Cronaca locale

Scala, in scena la solidarietà Sir Gardiner dirige Händel

Una serata dedicata all'Opera San Francesco per i Poveri Il maestro alle prese con l'oratorio semiscenico «Semele»

Piera Anna Franini

Serata fuori programma lunedì alla Scala, a favore dell'Opera San Francesco per i Poveri che a Milano da 60 anni offre assistenza gratuita e accoglienza alle persone in grave difficoltà. Serata - anche musicalmente - straordinaria: si esegue in forma semiscenica «Semele», l'opera-oratorio di Händel.

L'interpretazione è del Monteverdi Choir e gli English Baroque Soloists, complessi diretti - ovviamente - da chi li creò: Sir John Eliot Gardiner. Gardiner è figura chiave nella valorizzazione della musica antica, un pioniere delle esecuzioni storicamente informate. Artista-imprenditore, a vent'anni (è nato nel 1943) già creava la sua orchestra per portare in fondo progetti oggi ampiamente sdoganati, ma all'epoca visionari. Un signore cresciuto in una fattoria bio nel Dorset («i miei furono precursori dell'agricoltura sostenibile»), Sir per volere di sua Maestà la regina Elisabetta II. Un no-Brexit convinto, da subito. Come non esserlo: nelle sue tre compagini lavorano musicisti da tutto il mondo, «si porranno problemi di visti, le tournée saranno più complicate. Un disastro», sbotta.

In questi giorni, Gardiner sta portando in giro per l'Europa «Semele», in Italia fa tappa a Milano e mercoledì a Roma. Un'opera-oratorio che Handel e il suo librettista trassero da uno dei passi più salaci delle «Metamorfosi di Ovidio». Si narrano le vicende di Semele, principessa di Tebe, che abbandona il fidanzato Atamante poiché innamorata di Zeus, il padre degli dei. Giunone, moglie di Zeus, non gradisce, e neppure sta con le mani in mano Semele morirà, ma dalle sue ceneri nascerà Bacco, divinità dell'ebbrezza. Nel cast, Louise Alder come Semele, il basso Gianluca Buratto (padre di Semele e dio del sonno), Lucile Richardot (Giunone e Ino). Nei panni scomodi di Atamante, il promesso sposo abbandonato, c'è il controtenore Carlo Vistoli, 31 anni, di Lugo, al debutto scaligero.

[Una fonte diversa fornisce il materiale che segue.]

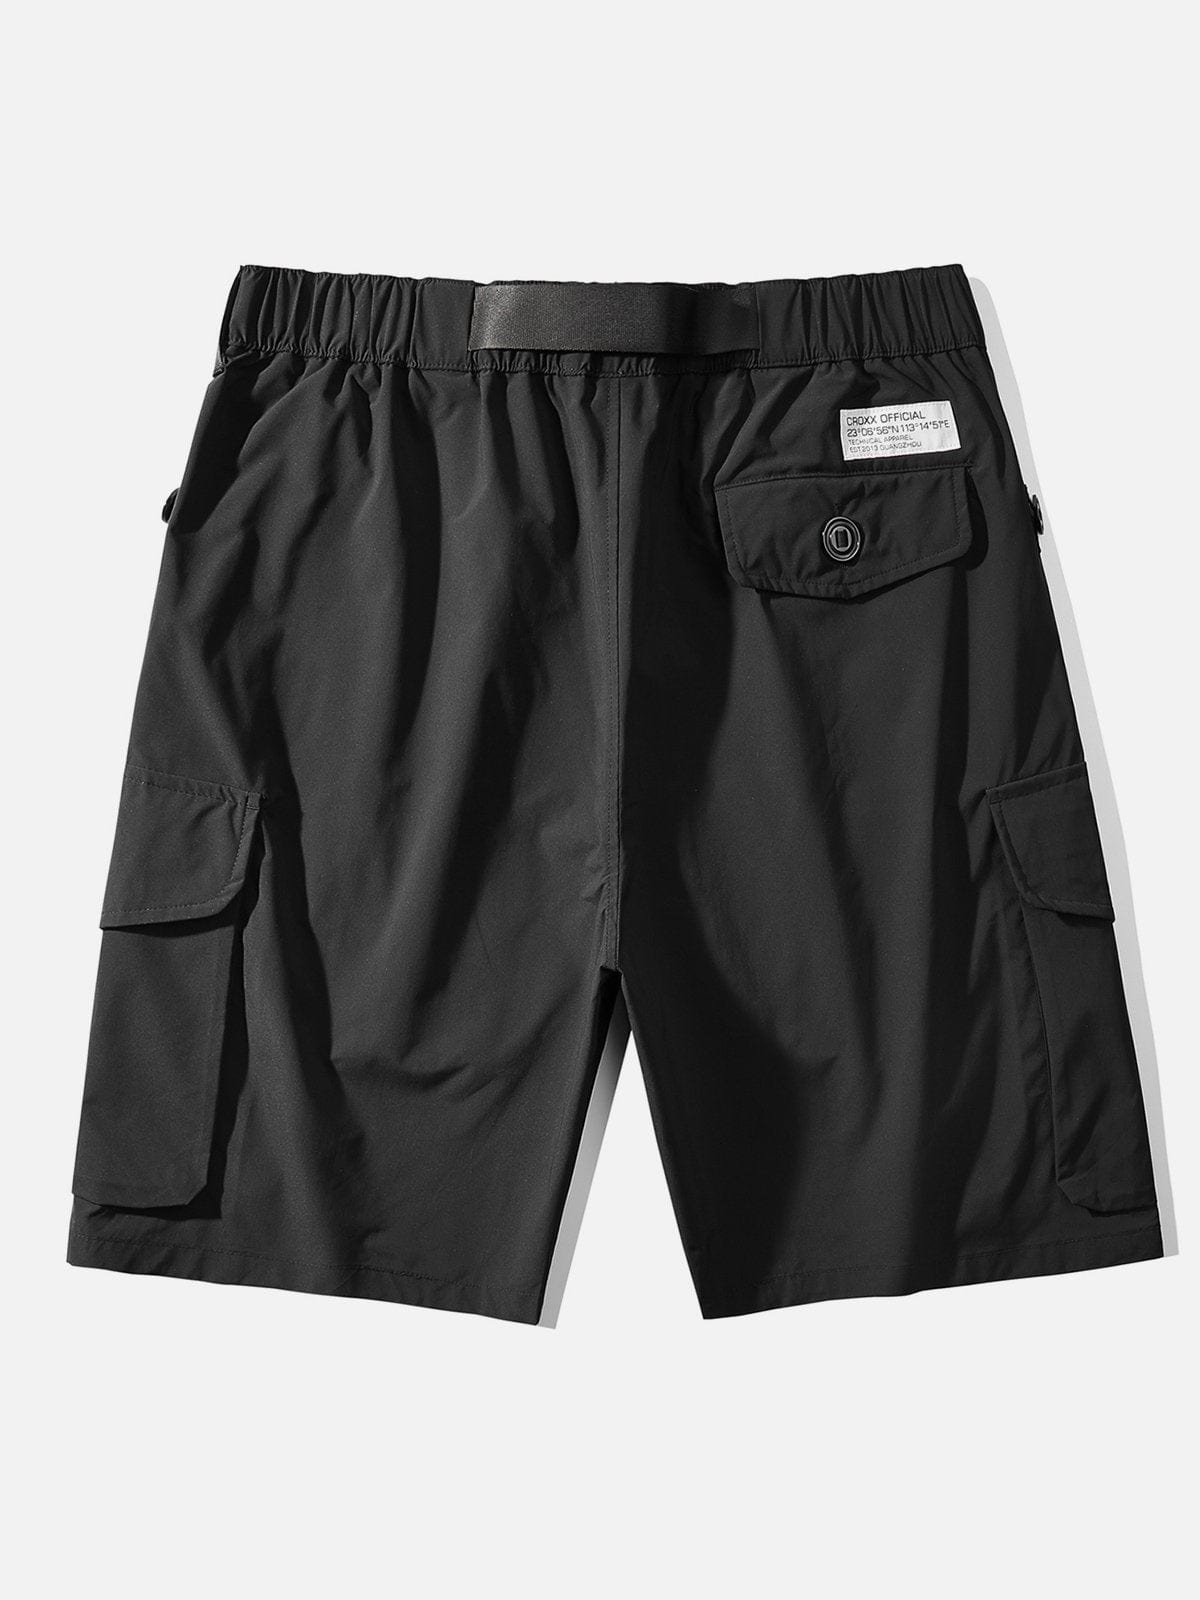 Personalized Belt Multi Pockets Shorts Streetwear Brand Techwear Combat Tactical YUGEN THEORY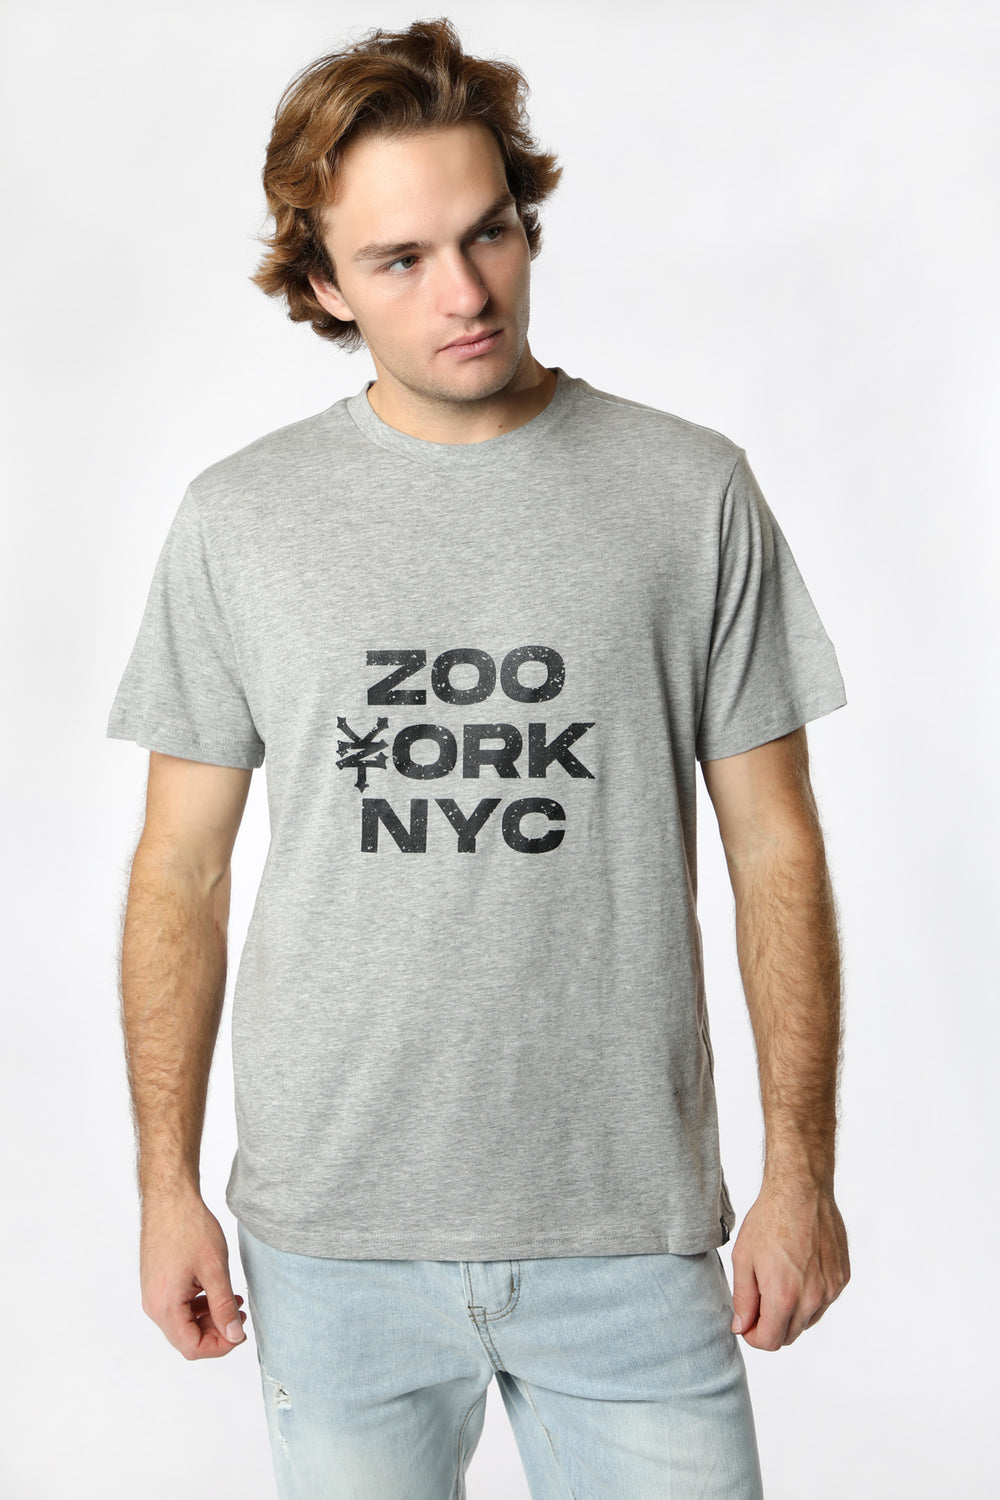 T-Shirt Imprimé Logo NYC Zoo York Homme T-Shirt Imprimé Logo NYC Zoo York Homme

L'Italia è sempre più avara di giovani voci che spicchino voli internazionali, nessun italiano - per dire- ha superato in questi giorni la prima scrematura di uno dei concorsi di canto top, «Operalia» di Placido Domingo. Vistoli sta costruendo una carriera sempre più intrigante. Dalla sua parte, ha il trend del momento che vede un crescendo di attenzioni per questa vocalità particolare: una voce maschile dal timbro femminile, impiegata per ruoli che un tempo erano dei cantanti castrati o donne en travesti. Non è alla sua prima collaborazione con Gardiner, un signore con il forte senso della leadership «è esigente, chiede il meglio. Durante le prove bisogna sempre dare il massimo. Ha sempre il controllo su tutto», spiega Vistoli. «Del resto - ammette Gardiner - quando dirigi un complesso devi prendere decisioni, sei tu a guidare.

Quindi sì, sono più autocratico che democratico».